“The vast majority of us
imagine ourselves as like
literature people or math people.
But the truth is that the massive
processor known as the human brain
is neither a literature organ or
a math organ. It is both and more.”
“Mathematics expresses values
that reflect the cosmos, including
orderliness, balance, harmony, logic,
and abstract beauty.”
Circle tomorrow’s date on your calendar. It’s Pi Day! March 14th is designated Pi Day by the mere fact that 3.14 are the first three numbers of everyone’s favorite mathematical constant. Pi, the ratio of a circle’s circumference divided by its diameter, has been approximated as 3.14, but what follows is an infinite number of digits which continue without pattern. It has been represented by the Greek letter π since the mid-18th century.
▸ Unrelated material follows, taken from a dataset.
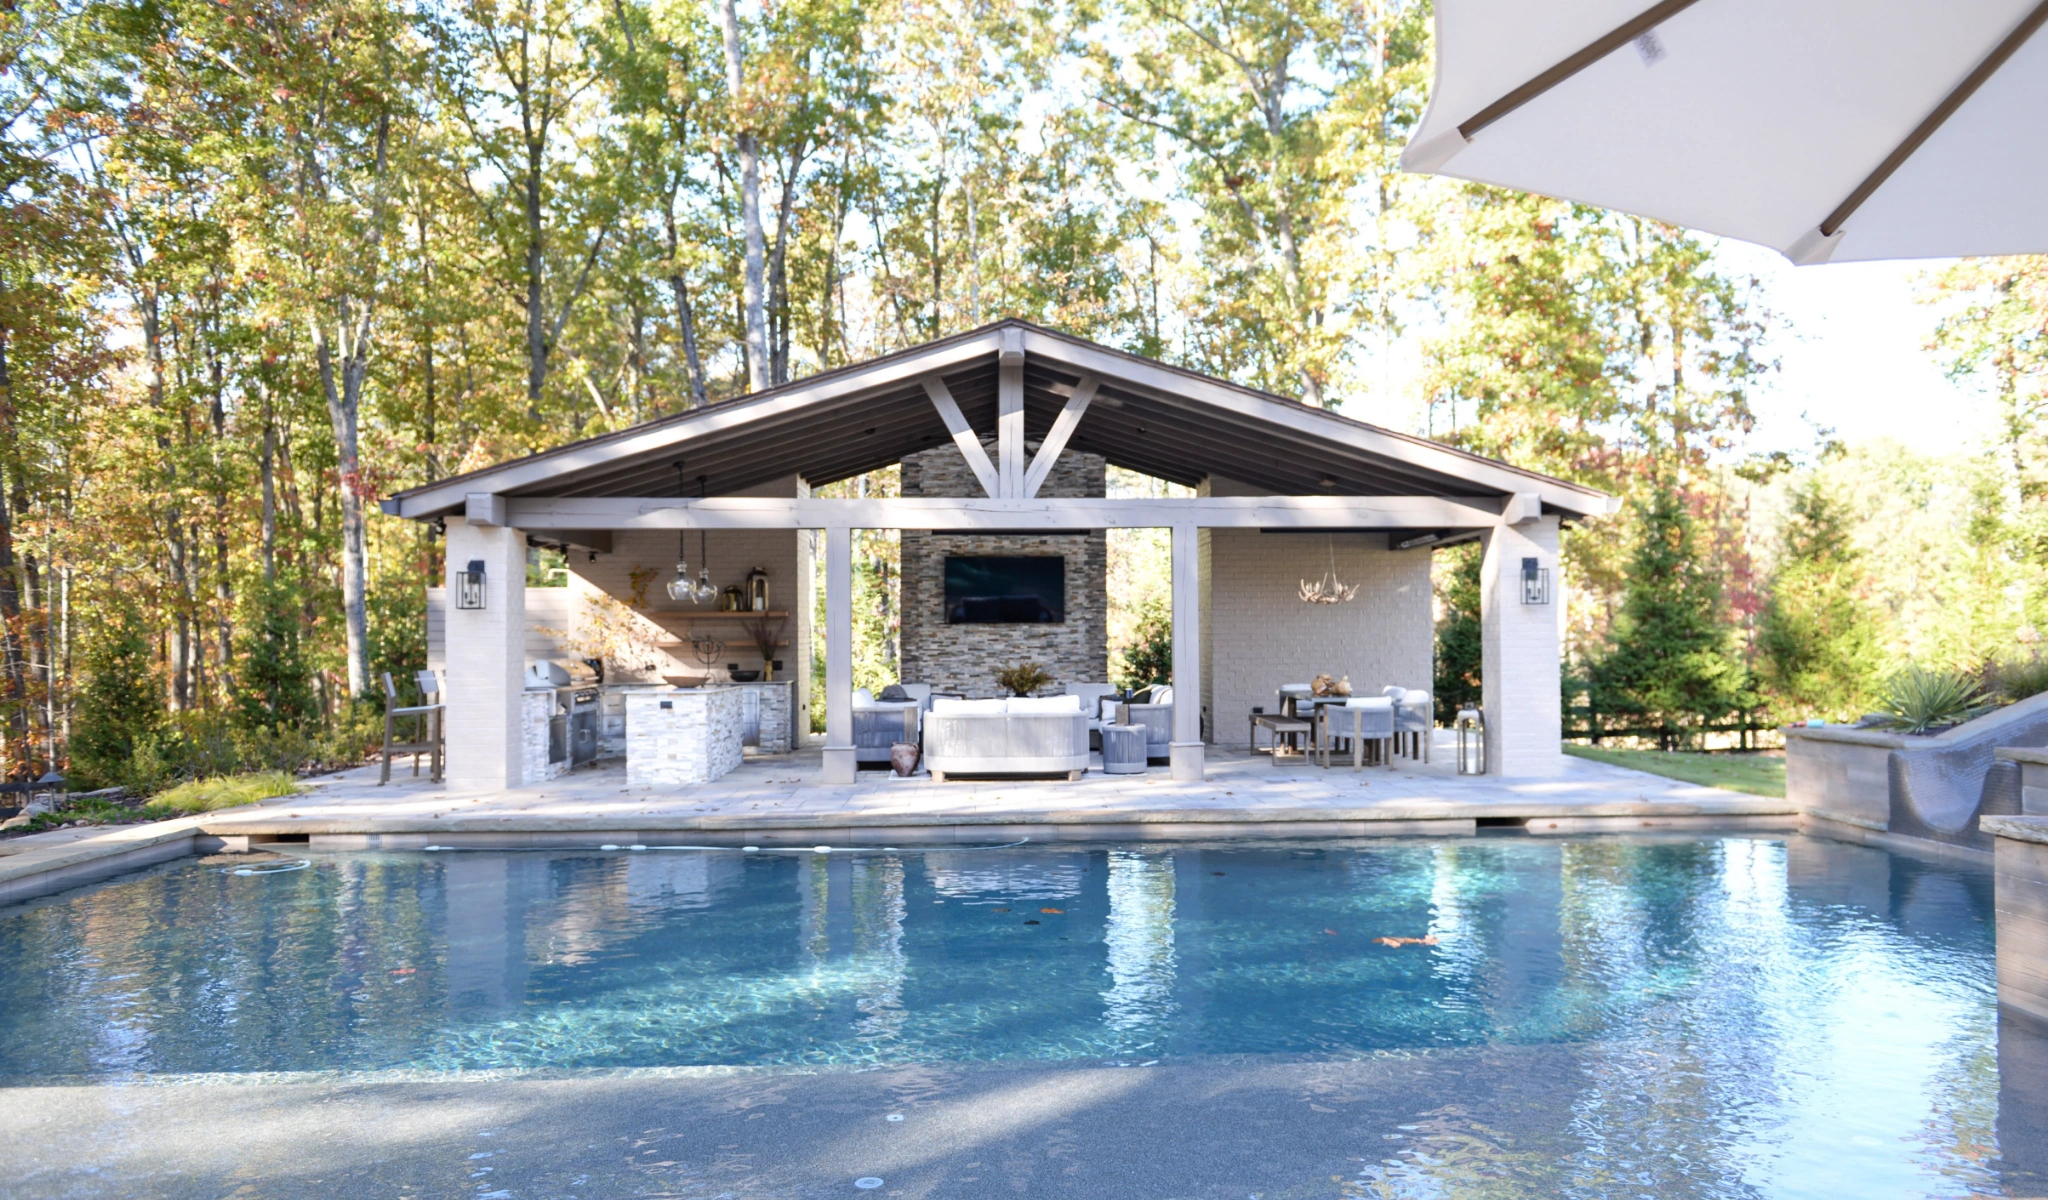 A backyard with a pool and patio furniture.

But, guess what, folks – this year’s celebration equates to something of an historic occasion. For this year makes up the next two numbers in Pi’s infinite sequence: 3.1415. We won’t have another moment like this for another hundred years.
But there’s more. Set your watches for 9:26am and listen carefully. You will hear math nerds leaping out of their skin like its New Years, because that very moment in time marks Pi’s next three digits: 3.1415926, to continue a numeric hooplah. As for us, at that precise moment, we shall be feasting upon a pie of our own, for obvious reasons (berry or apple – we haven’t decided yet).
I admit it. I have never been a fan of math. Quadratic equations, algorithms, stats? Not my thing. And forget about asking me to calculate a hypotenuse. Oh, in school I got good grades in math and science, but it was only because I took thorough notes, turned in my homework on time, and faired well on tests. But it was in one ear and out the other, because numerics did not seem to stick in this artsy gal’s brain.
On the other hand, I have always appreciated math and sciences. I may not be brainy enough with math, but I am smart enough to know that equations and formulas are inherent throughout the universe. Life, nature, space, even relationships run on algorithms.
In fact, the number Pi – because it is an infinite ratio – carries within its stream of unending digits every possible combination of numbers. What this means is that the digits of Pi tell a story – every story.
I want to share a film clip that talks about it. In the scene, Person of Interest‘s Harold Finch steps in as a math teacher and explains to the resisting class why pi matters:
Like me, you may or may not like math, but let’s face it, life, nature, the universe, runs on numbers and formulas and equations. Pi is at the center of all that.
I like Finch’s final answer to the question of why Pi matters. It matters because you’re in there. I’m in there – every story. But what you do with that information – how you live your story – is up to you.